_Source material_.

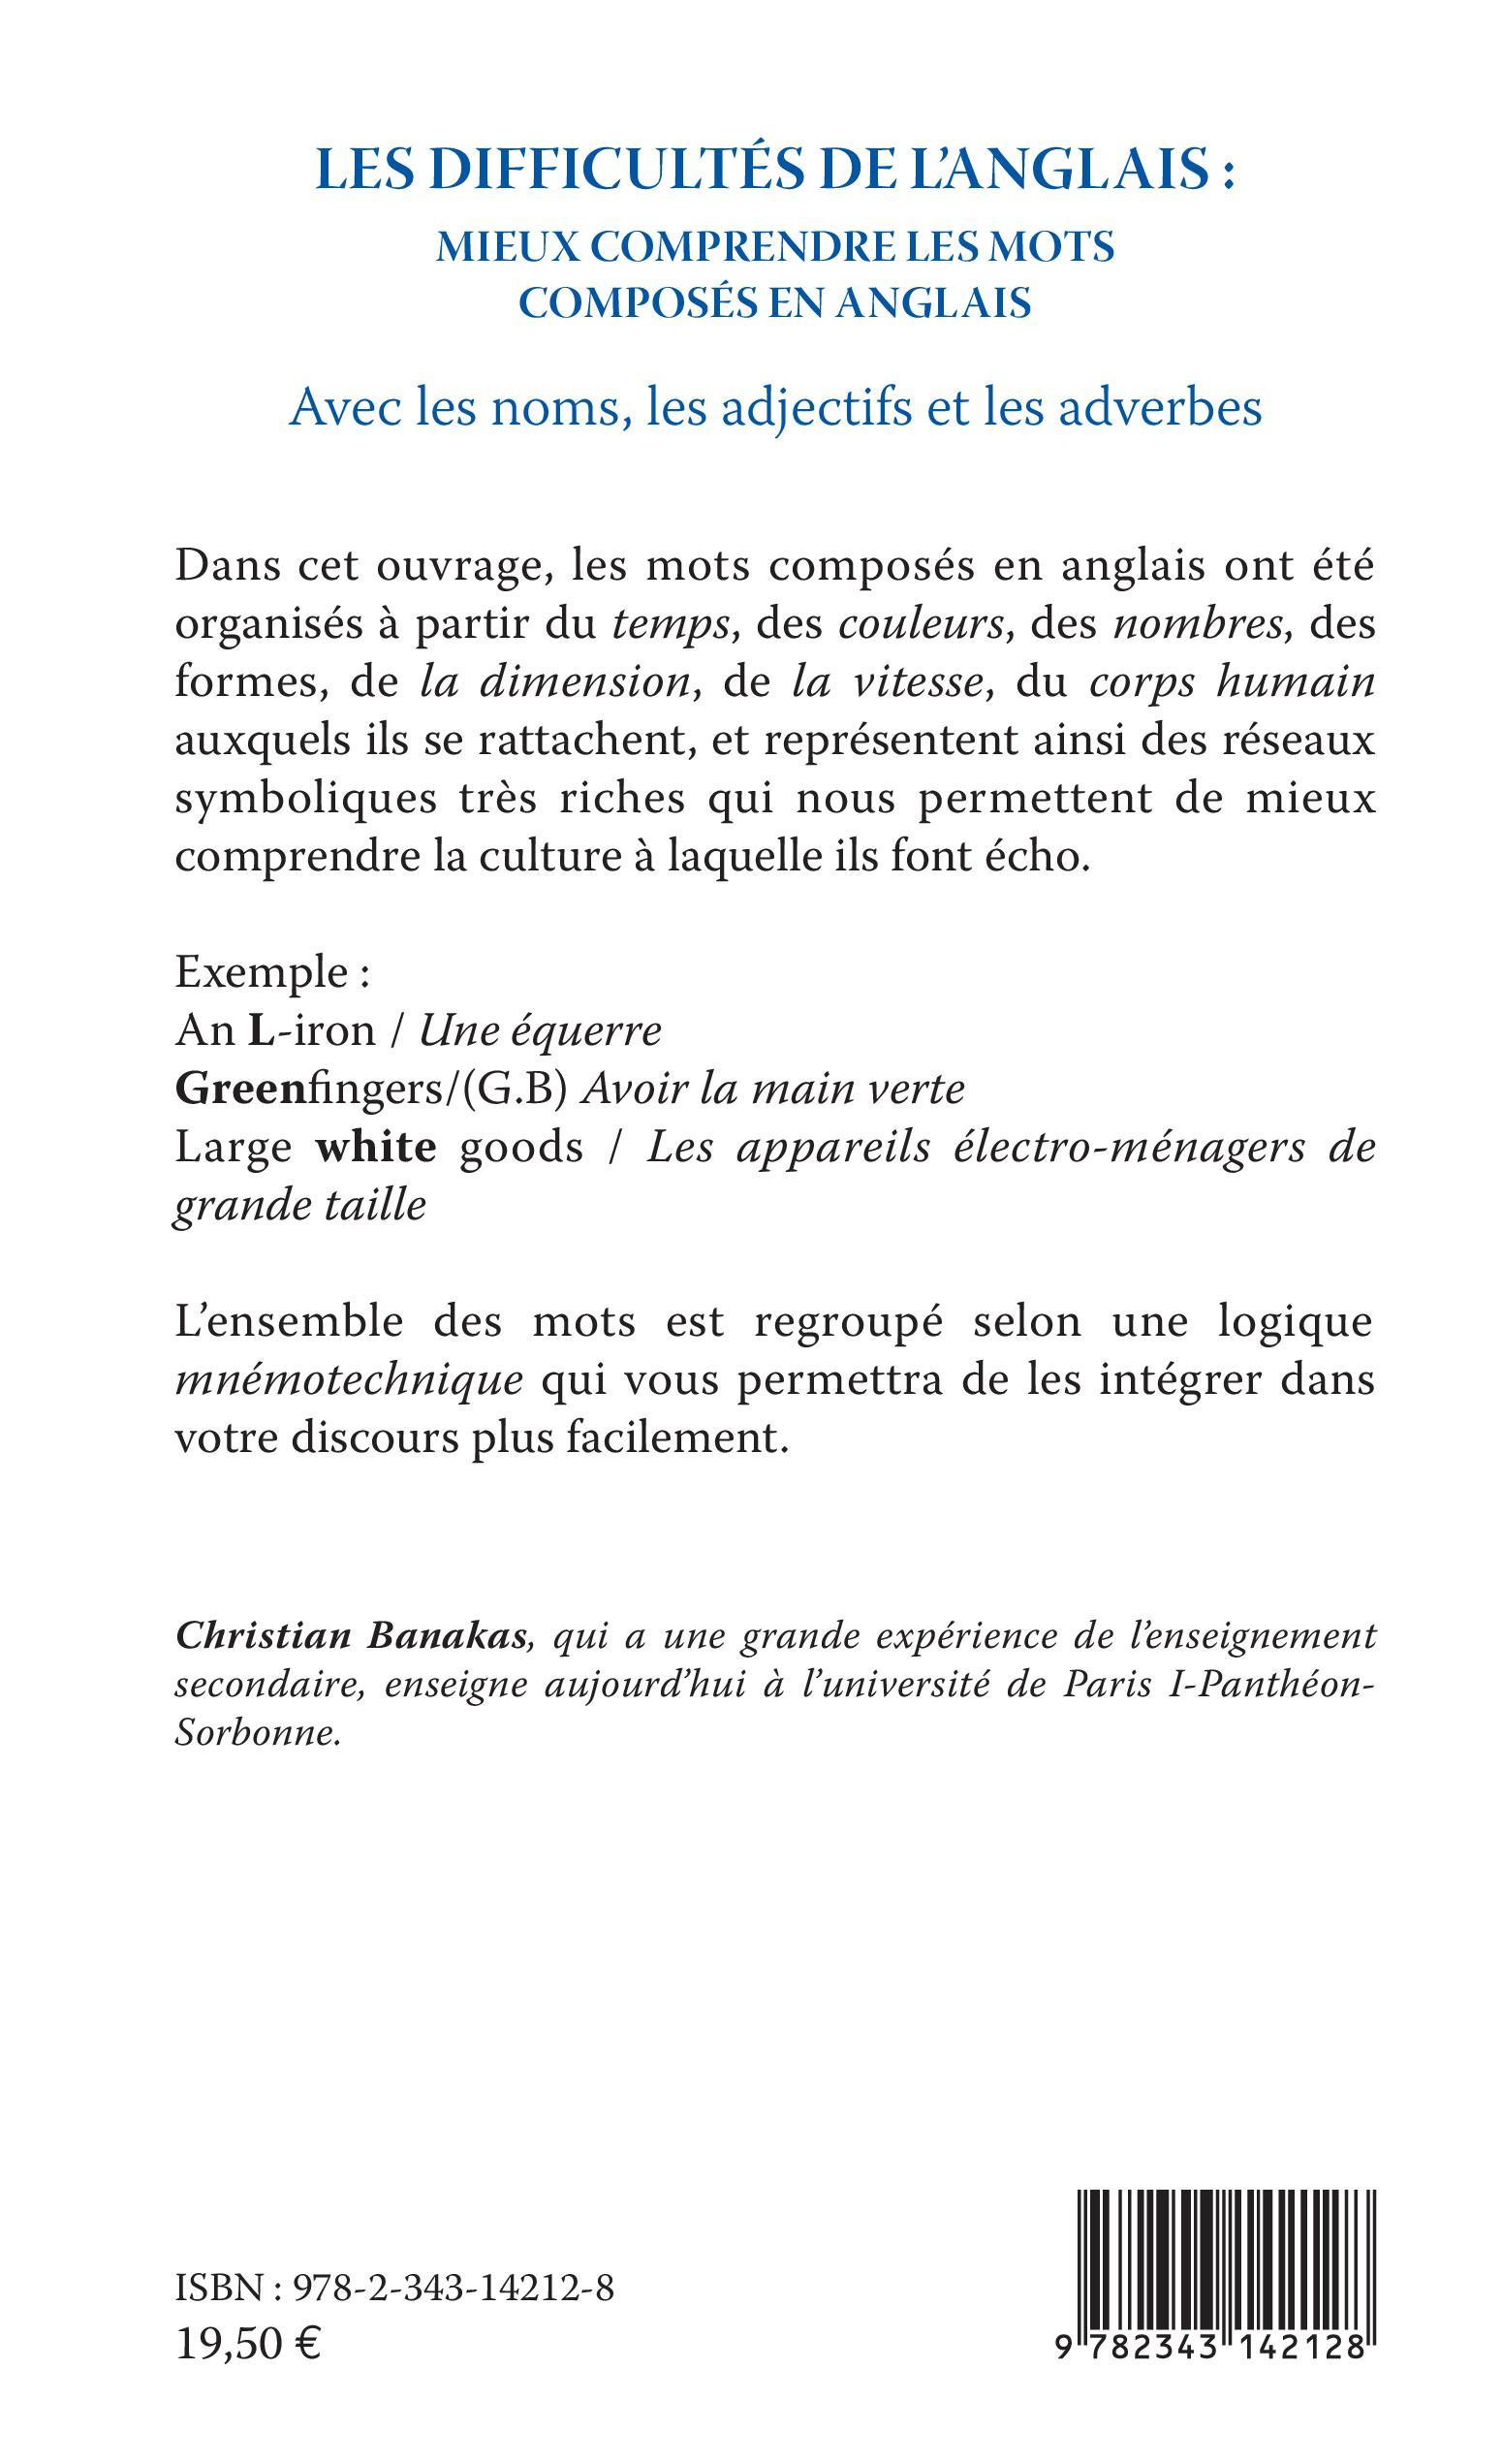 Les Difficultes De L Anglais Mieux Comprendre Les Mots Composes En Anglais Avec Les Noms Les Adjectifs Et Les Adverbes Christian Banakas Livre Ebook Epub
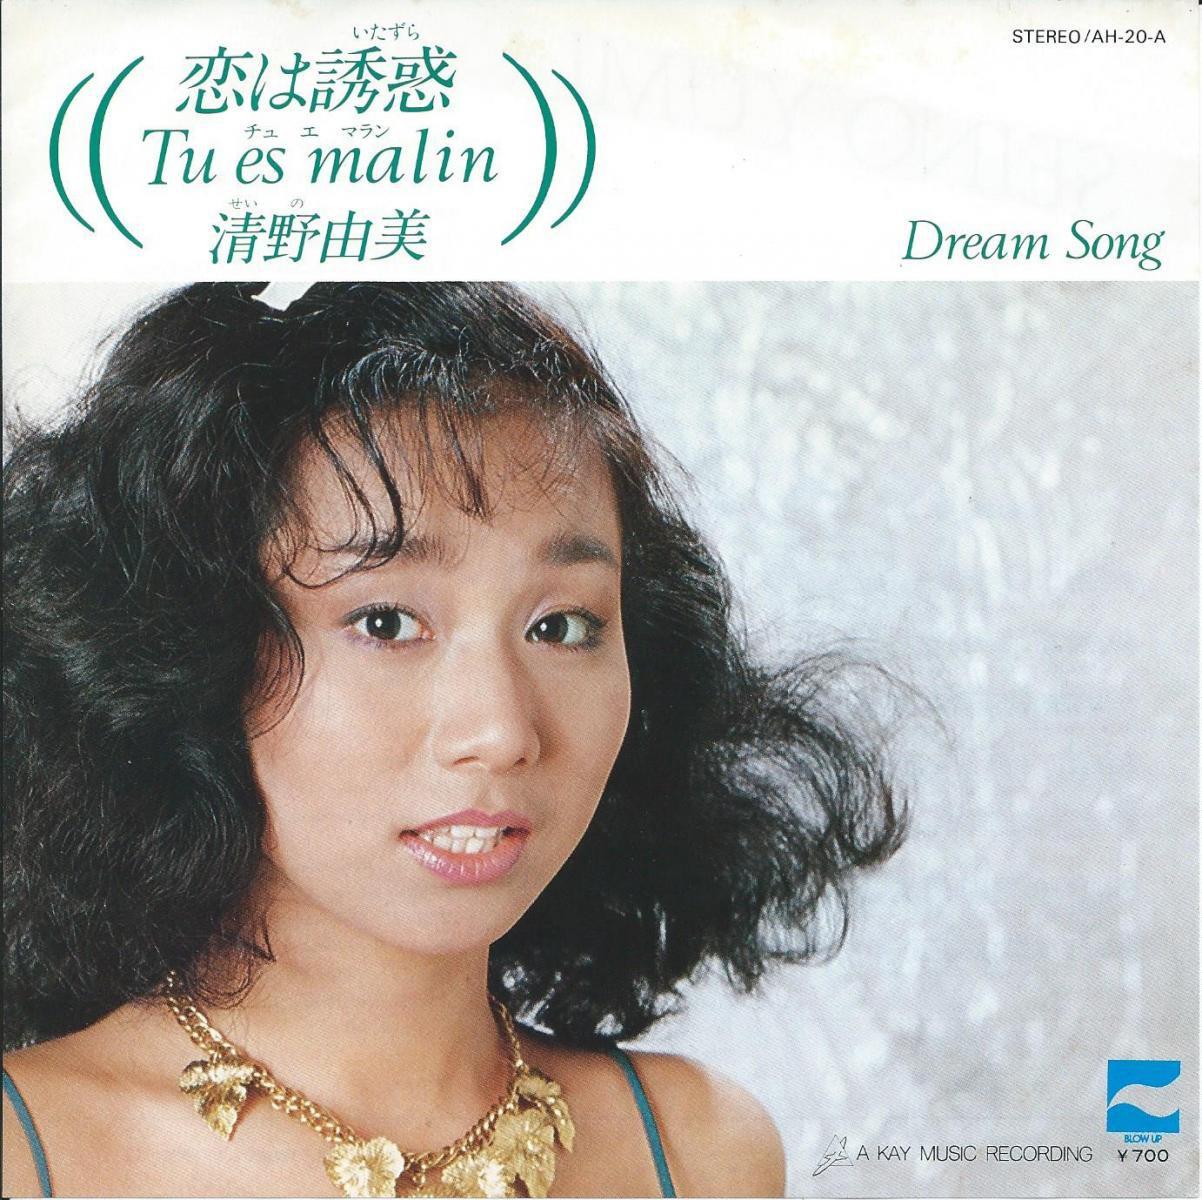 清野由美 YUMI SEINO (筒美京平) / 恋は誘惑 (いたずら) - TU ES MALIN / DREAM SONG (7
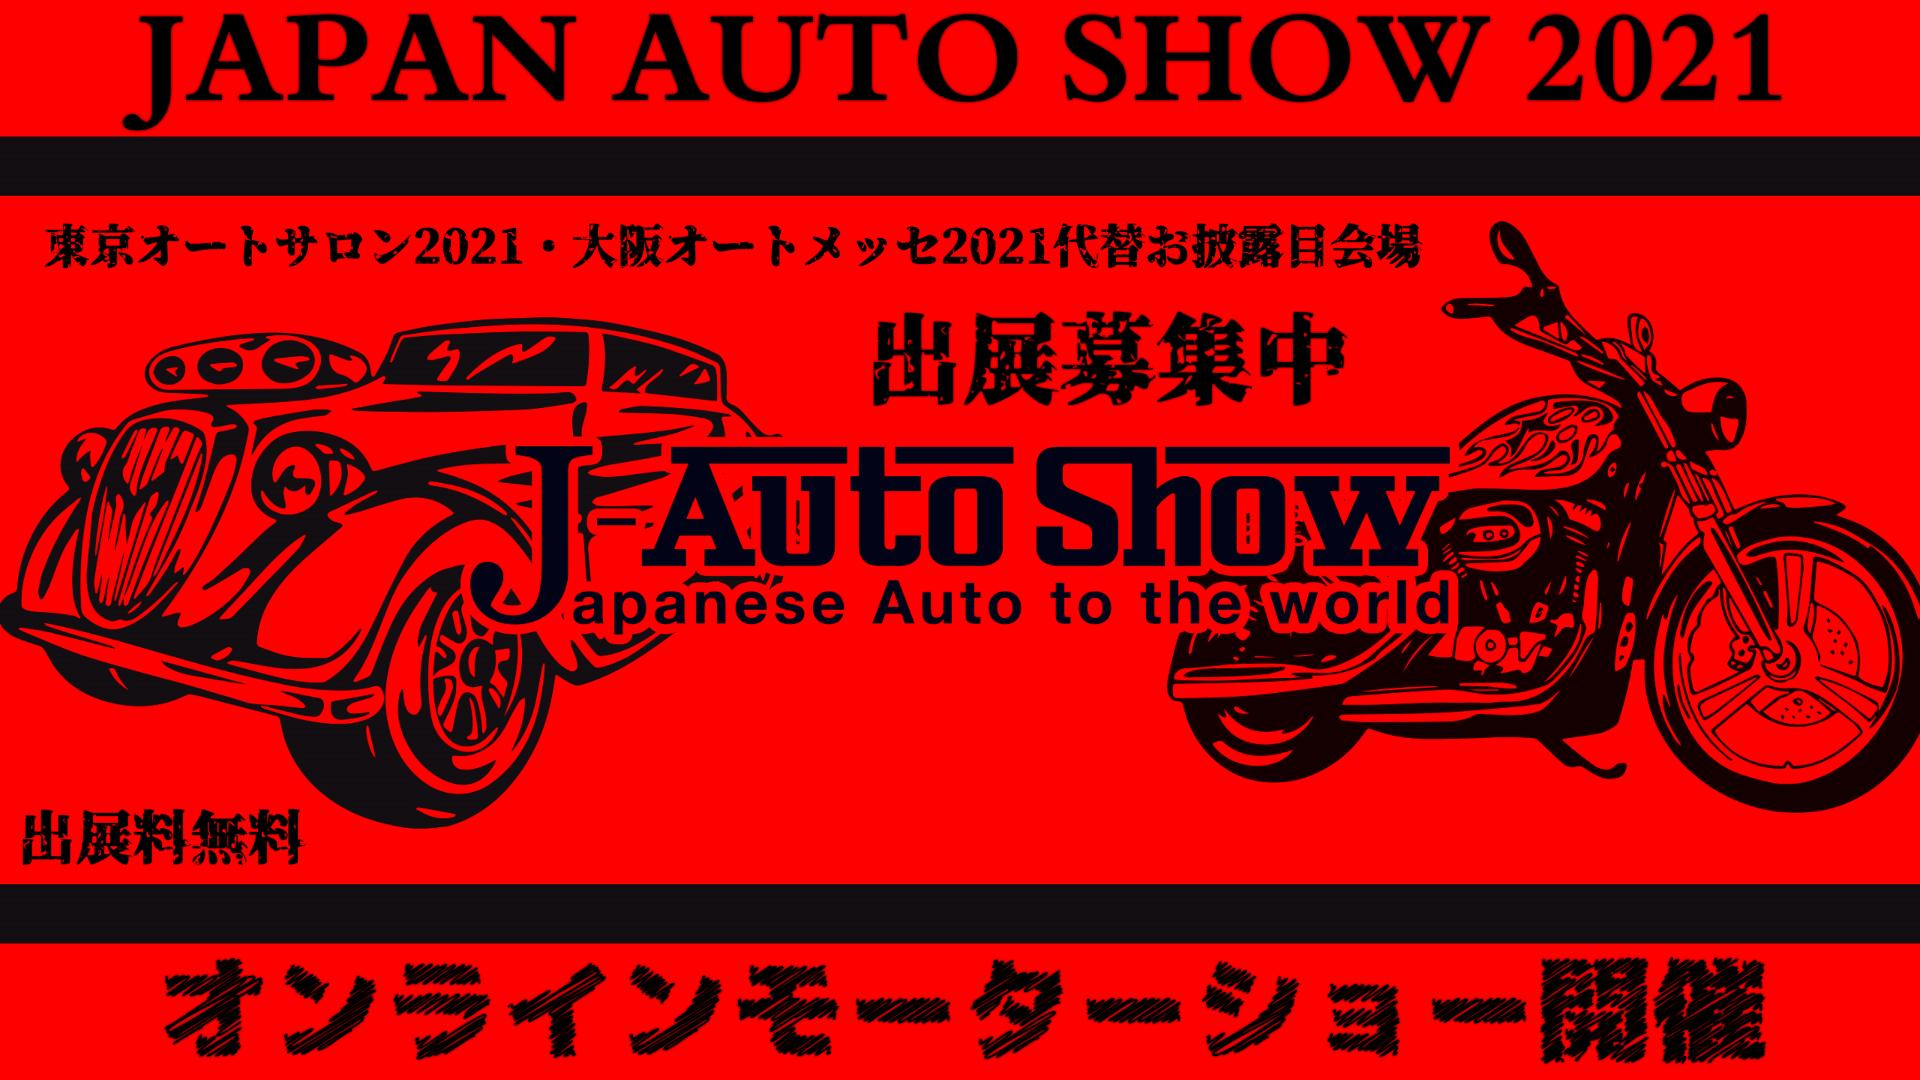 JAPAN AUTO SHOW 2021  オンラインモーターショーを開催します

_The task_.
Output the data exactly as it is, with the pictures dropped.

_Your response_.
 Les Difficultes De L Anglais Mieux Comprendre Les Mots Composes En Anglais Avec Les Noms Les Adjectifs Et Les Adverbes Christian Banakas Livre Ebook Epub
 清野由美 YUMI SEINO (筒美京平) / 恋は誘惑 (いたずら) - TU ES MALIN / DREAM SONG (7
 JAPAN AUTO SHOW 2021  オンラインモーターショーを開催します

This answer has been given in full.